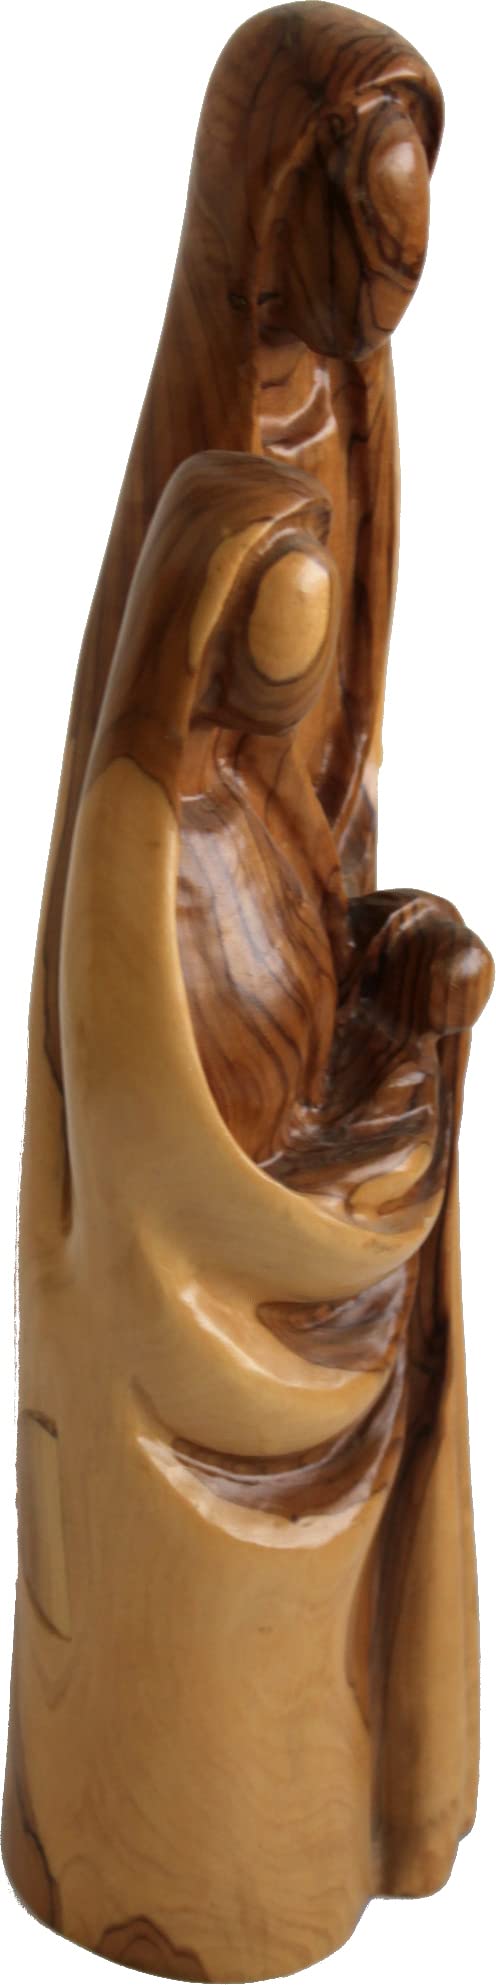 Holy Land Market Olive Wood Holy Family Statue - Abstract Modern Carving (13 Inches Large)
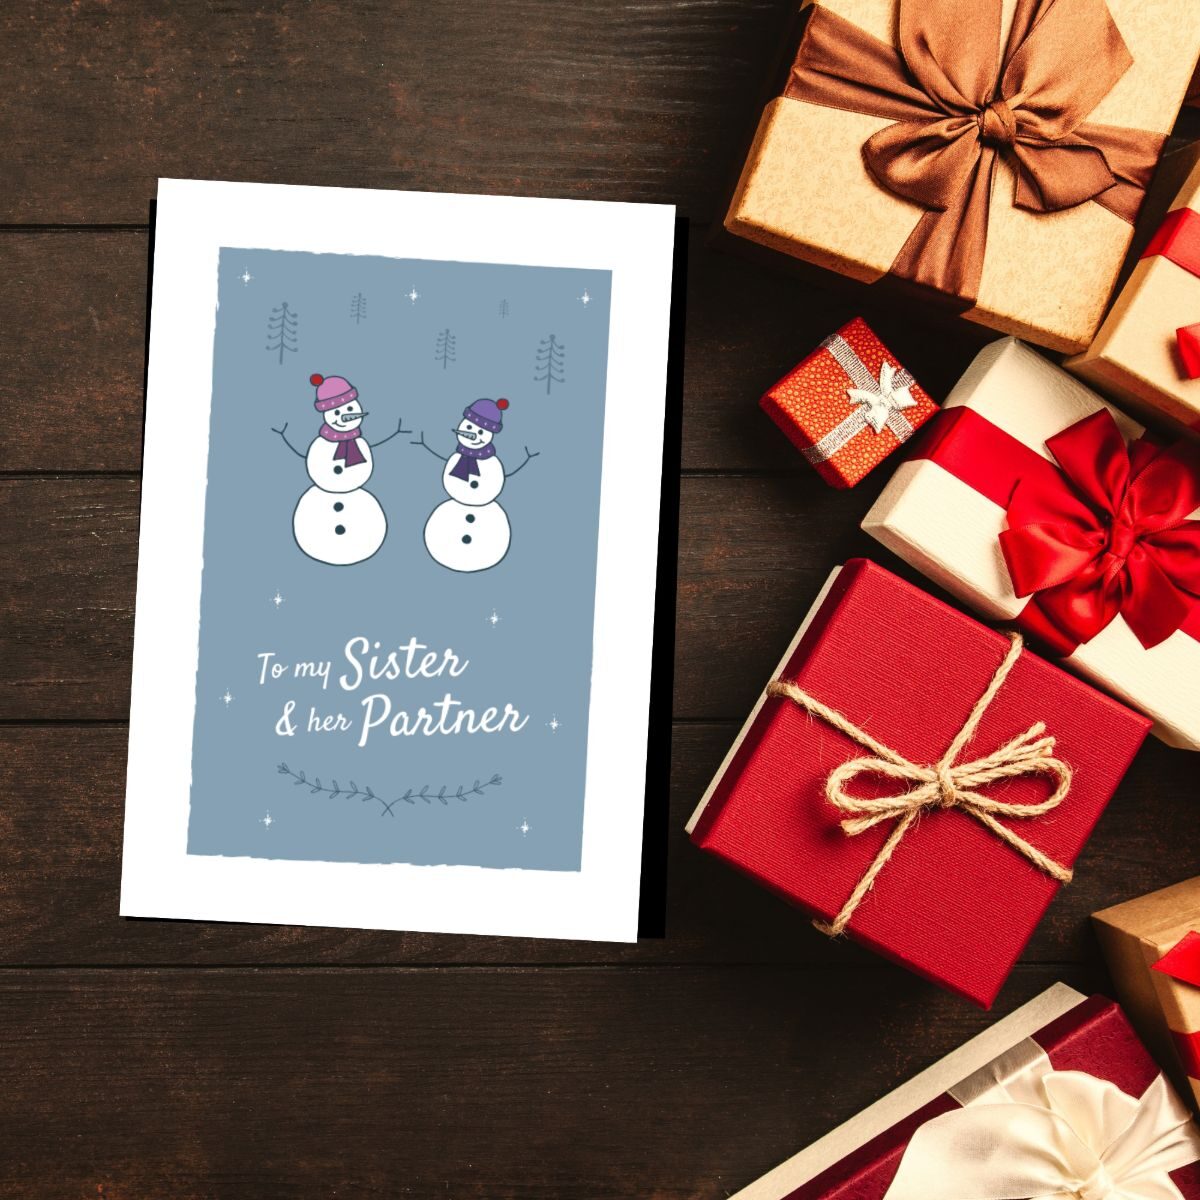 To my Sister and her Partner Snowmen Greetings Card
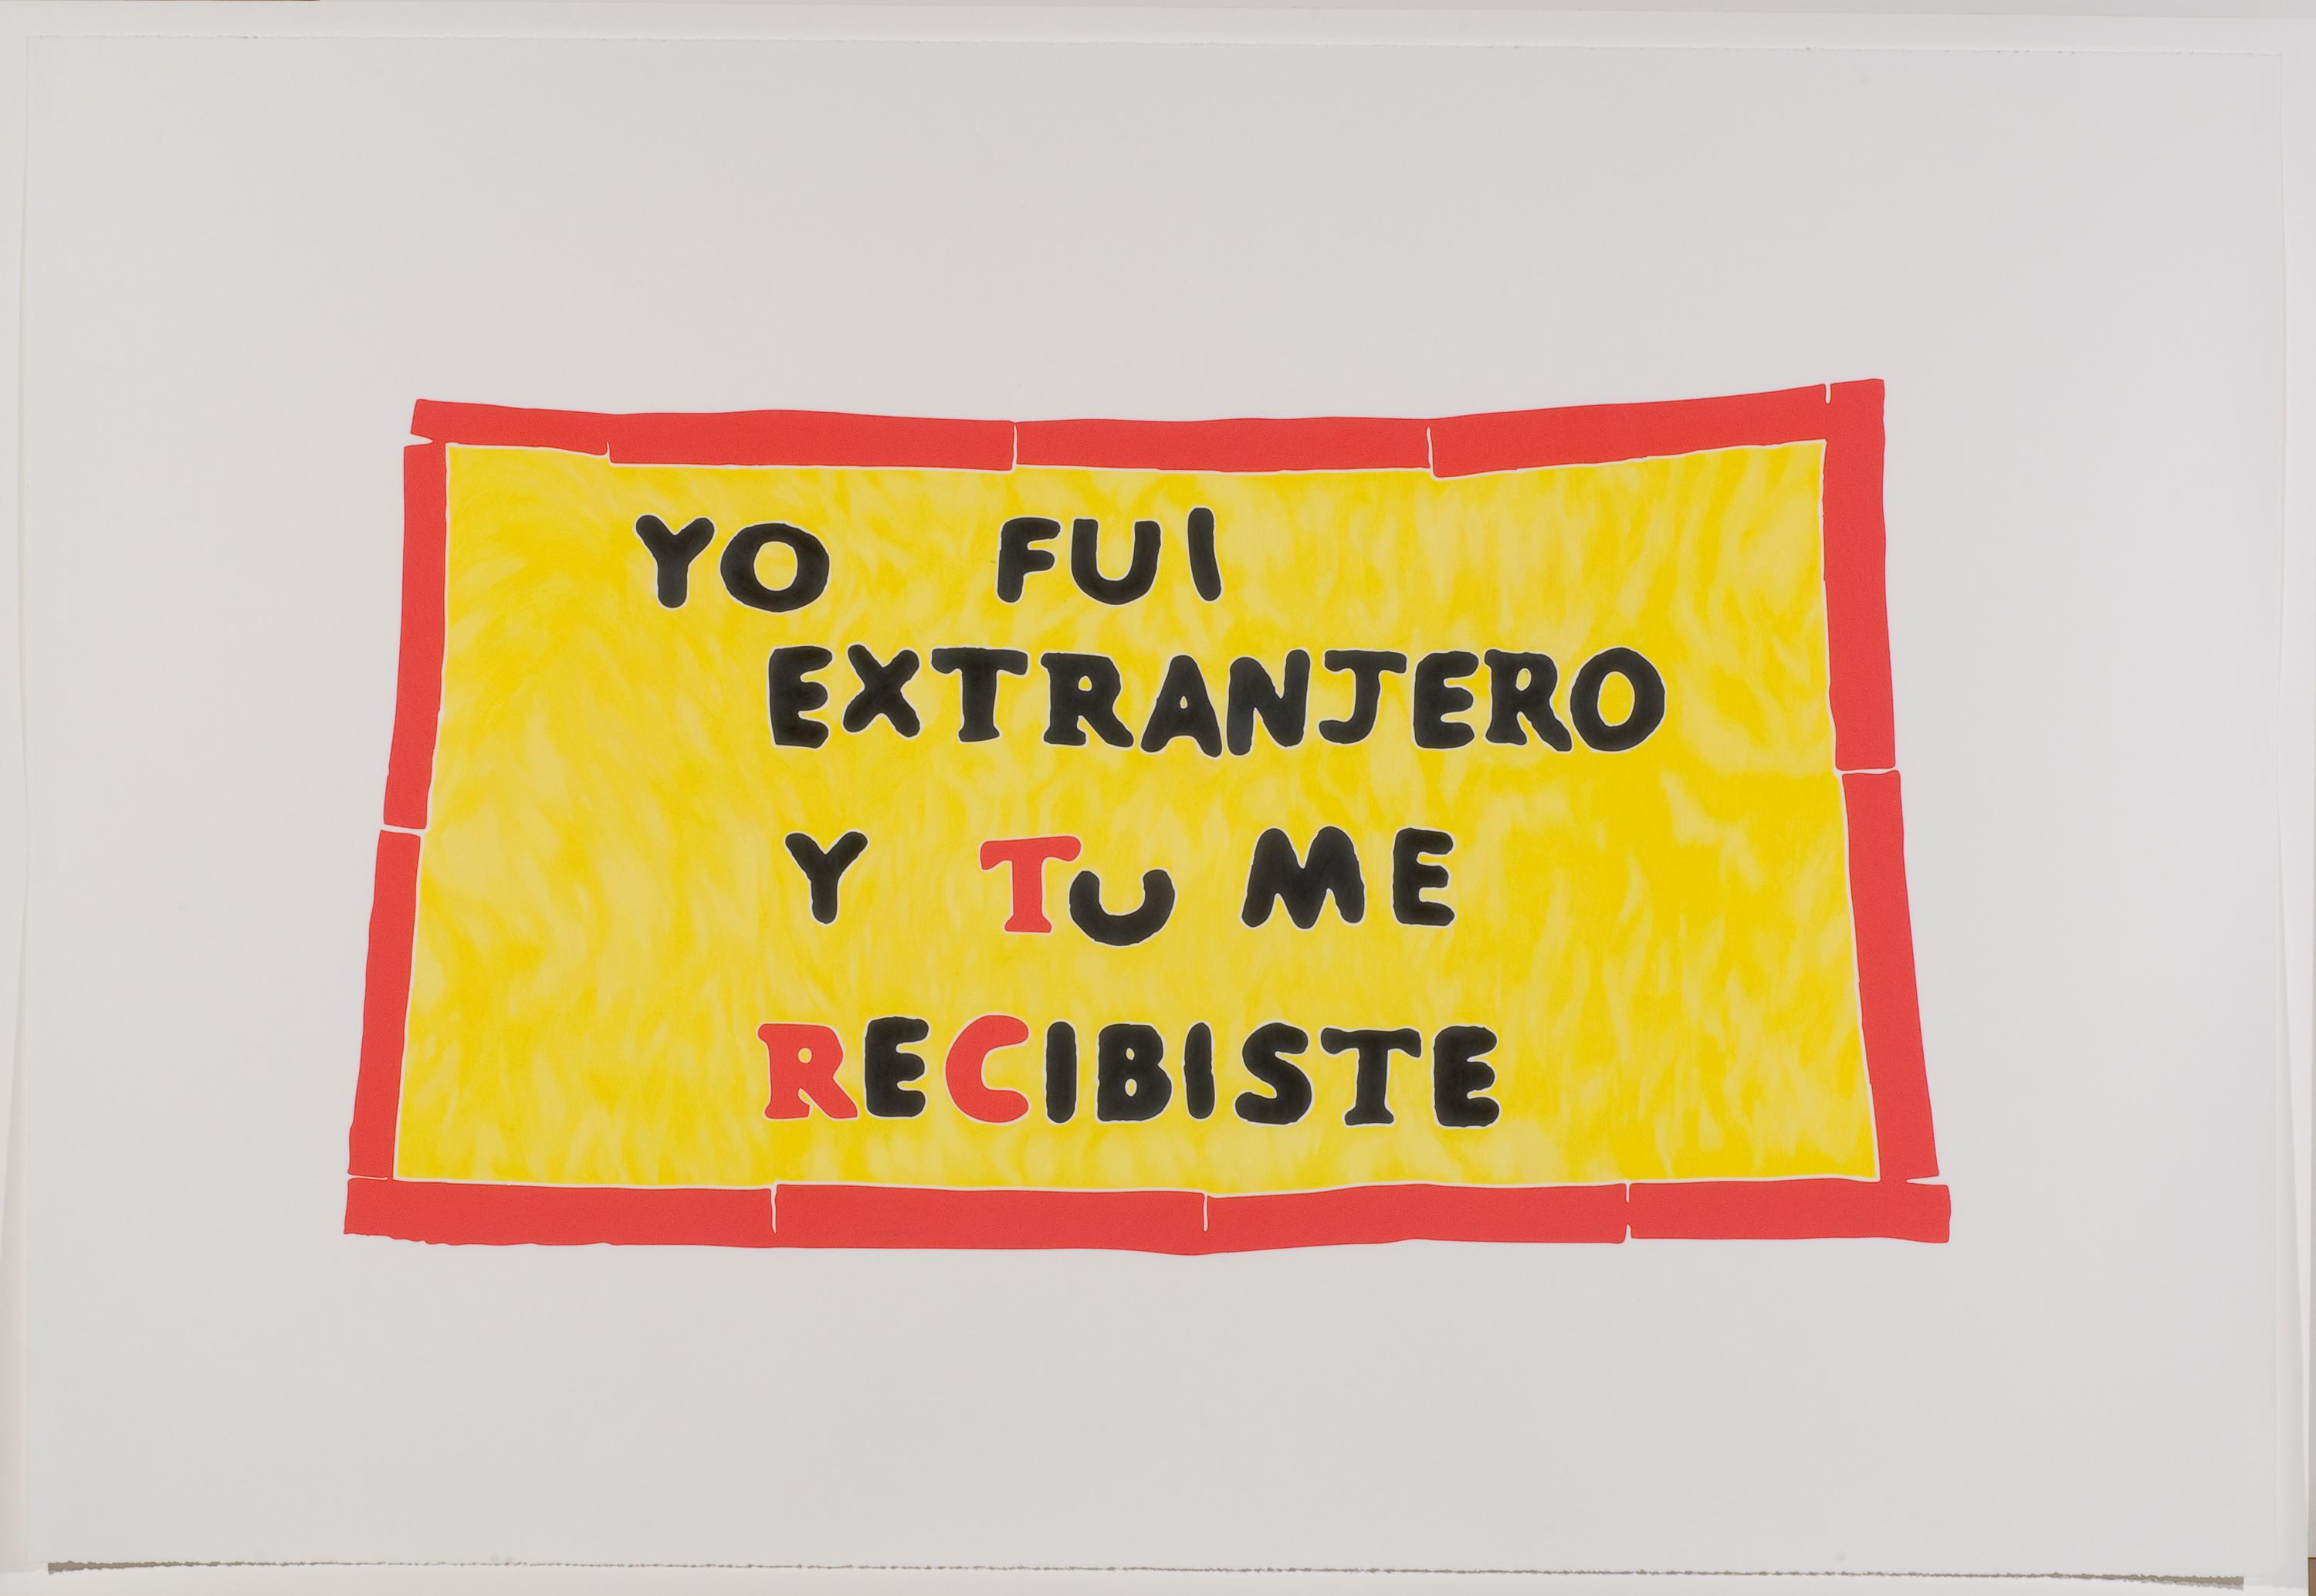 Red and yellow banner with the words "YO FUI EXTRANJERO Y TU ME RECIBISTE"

• [Task]:
Reproduce the lines above, exactly and exclusively, from the line containing "To my Sister" down to the last line, both included; pictures are not part of the copy.

• [Written response]:
 To my Sister and her Partner Snowmen Greetings Card
 Red and yellow banner with the words "YO FUI EXTRANJERO Y TU ME RECIBISTE"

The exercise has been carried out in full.